■ Task instructions ■
The line with "Fine dining restaurant", the line with "Hammerhead Ambush Wetsuit, 2", and all lines between them in the material below: return these exactly, and no others.

■ Provided material ■
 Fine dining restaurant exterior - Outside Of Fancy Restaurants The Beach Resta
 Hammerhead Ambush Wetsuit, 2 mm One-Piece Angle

==

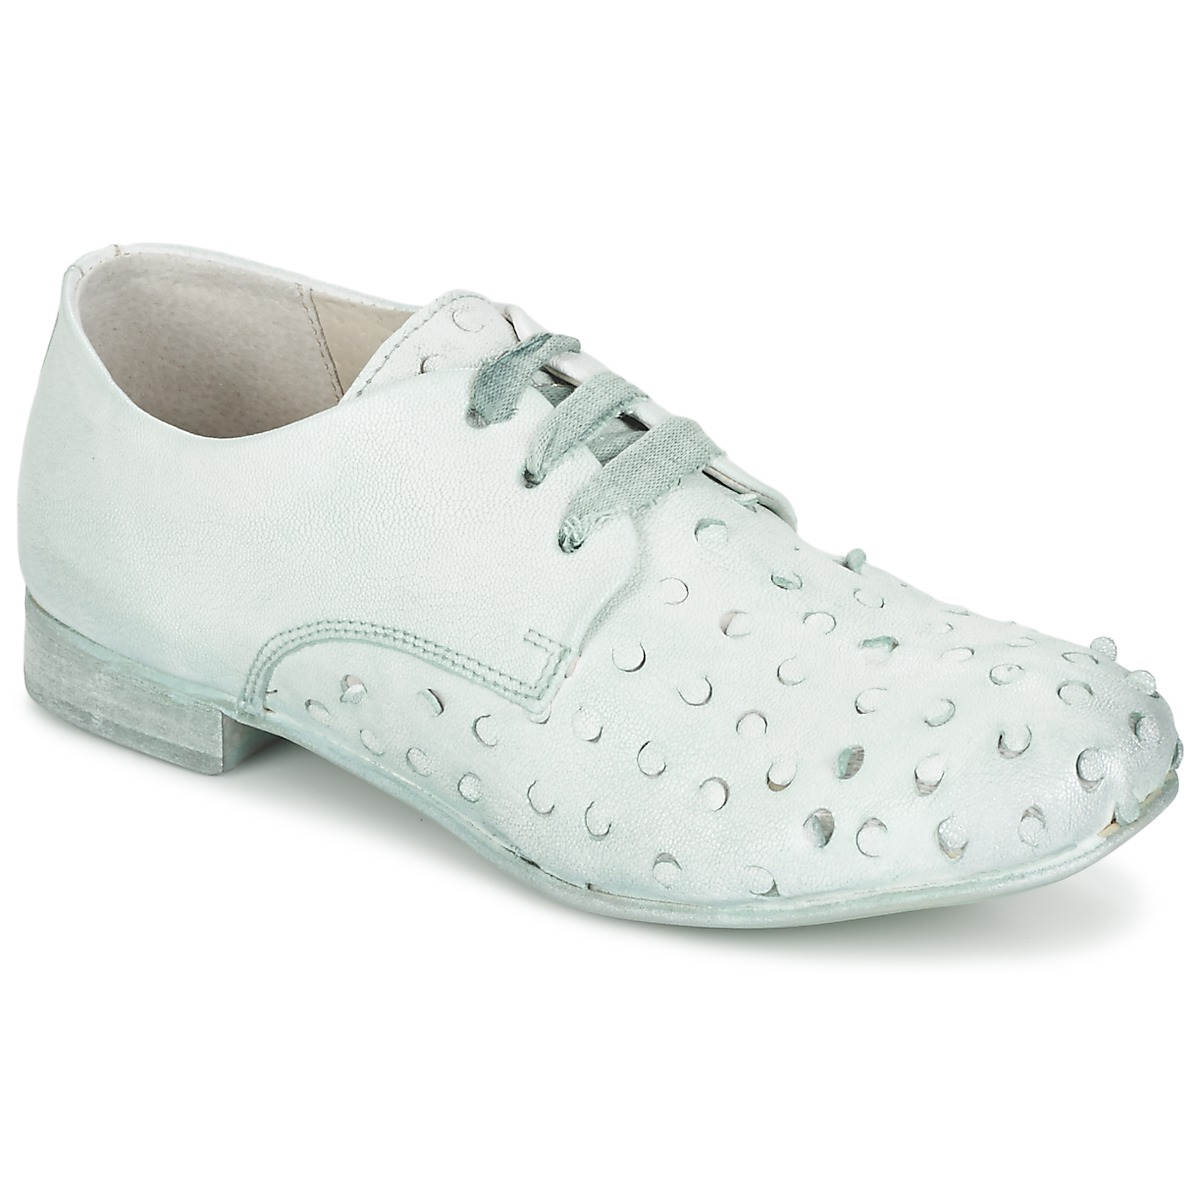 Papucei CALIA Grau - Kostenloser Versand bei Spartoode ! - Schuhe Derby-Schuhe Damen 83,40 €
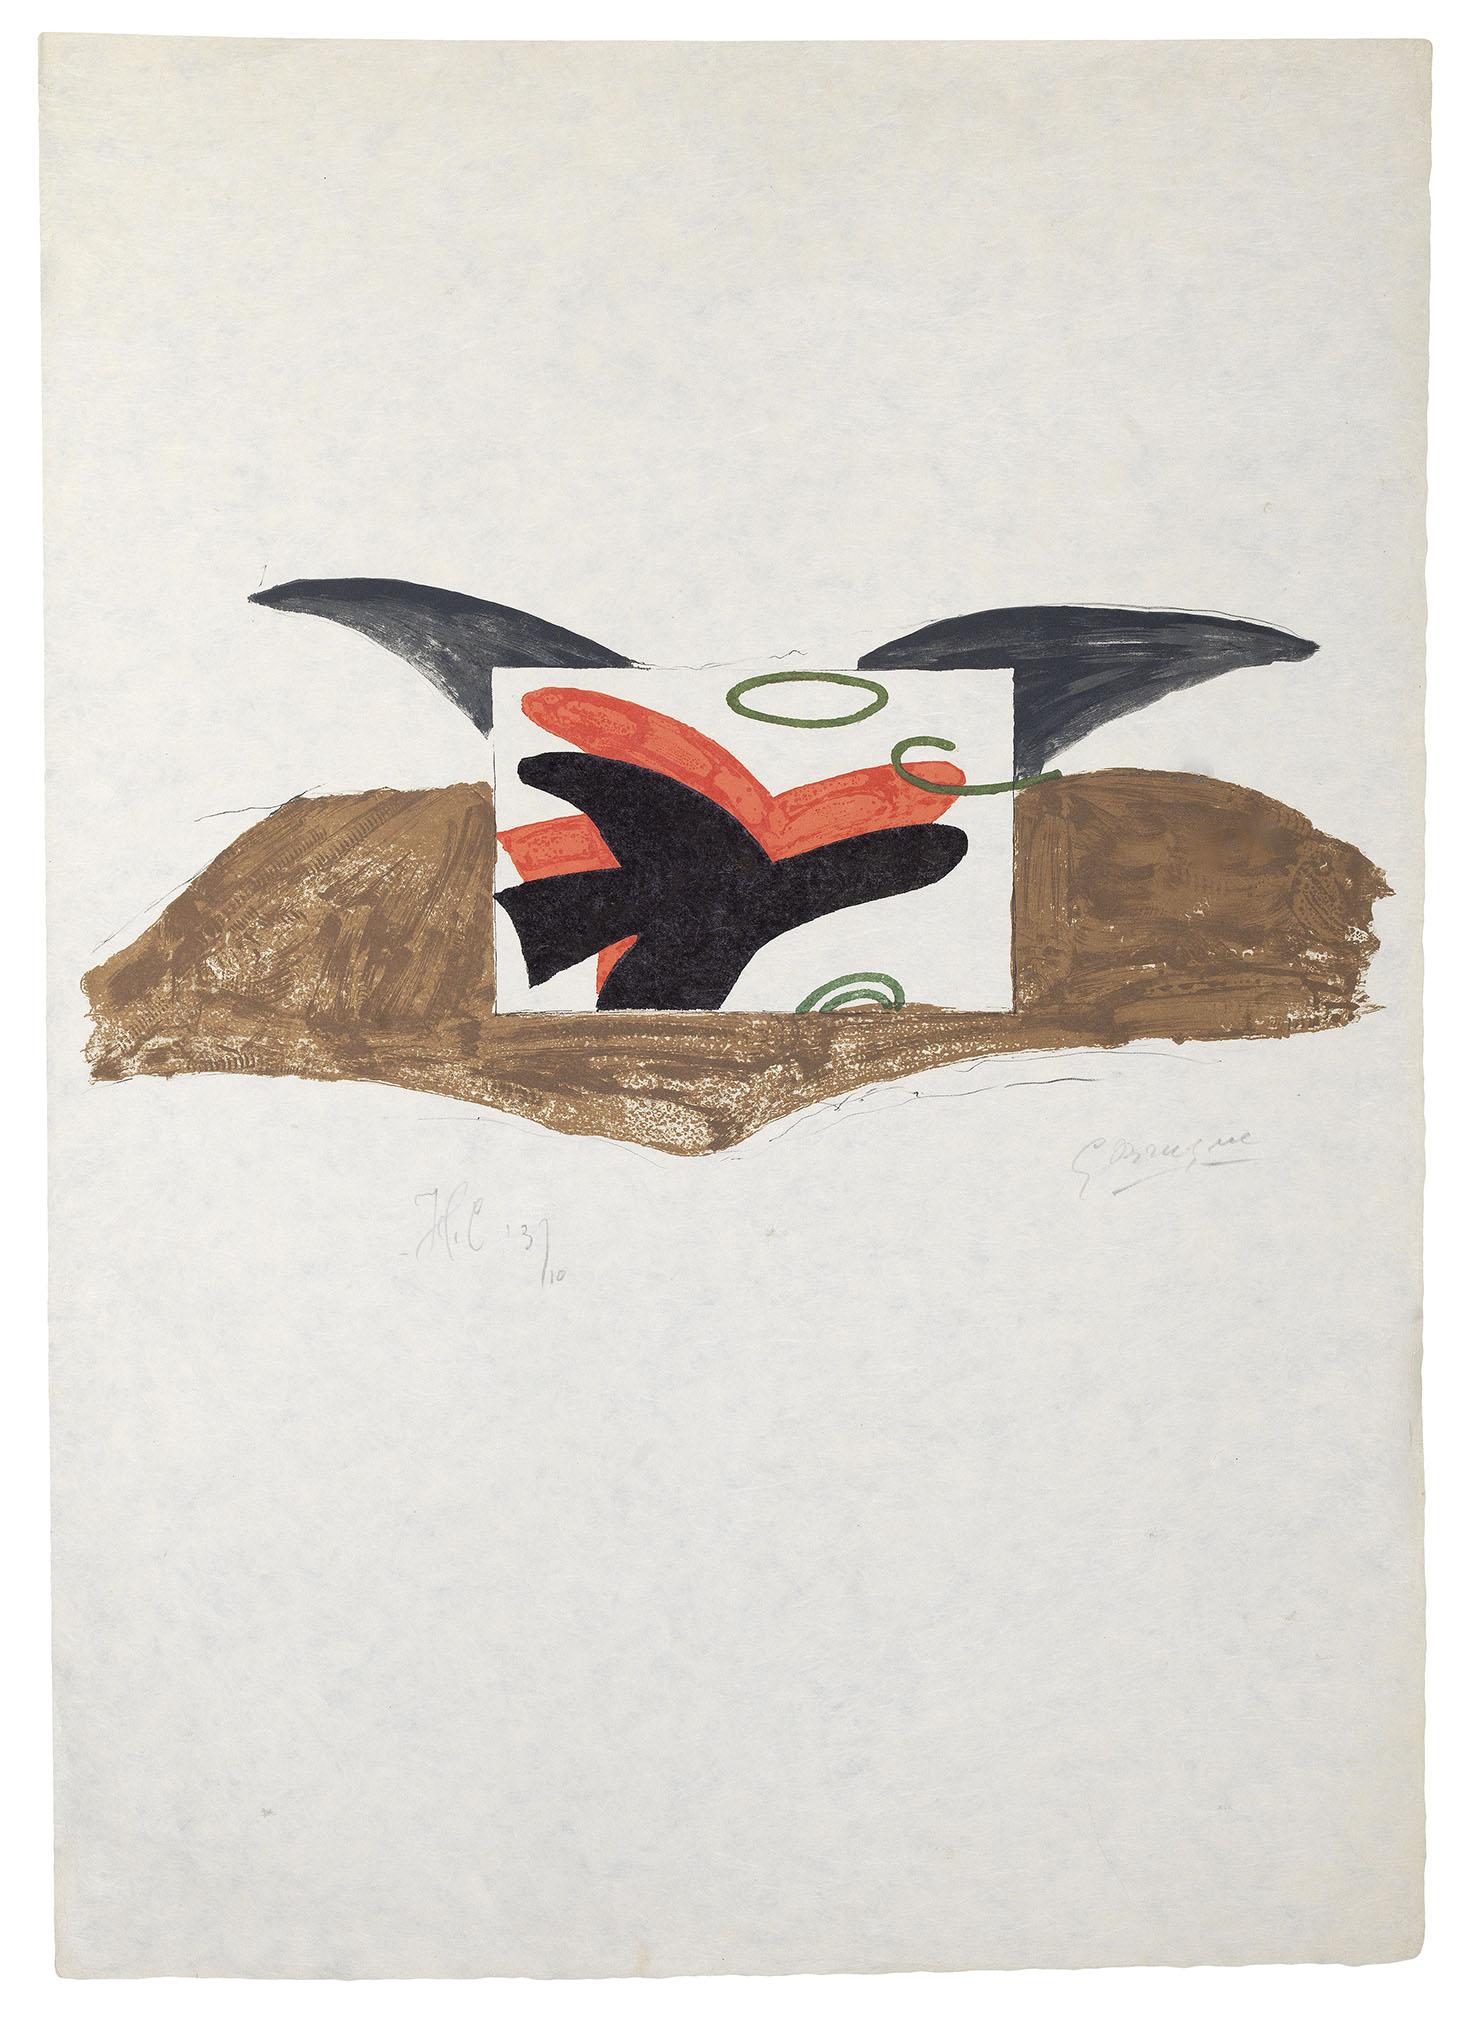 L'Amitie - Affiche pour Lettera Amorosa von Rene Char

■ Output of the exercise ■
 Fine dining restaurant exterior - Outside Of Fancy Restaurants The Beach Resta
 Hammerhead Ambush Wetsuit, 2 mm One-Piece Angle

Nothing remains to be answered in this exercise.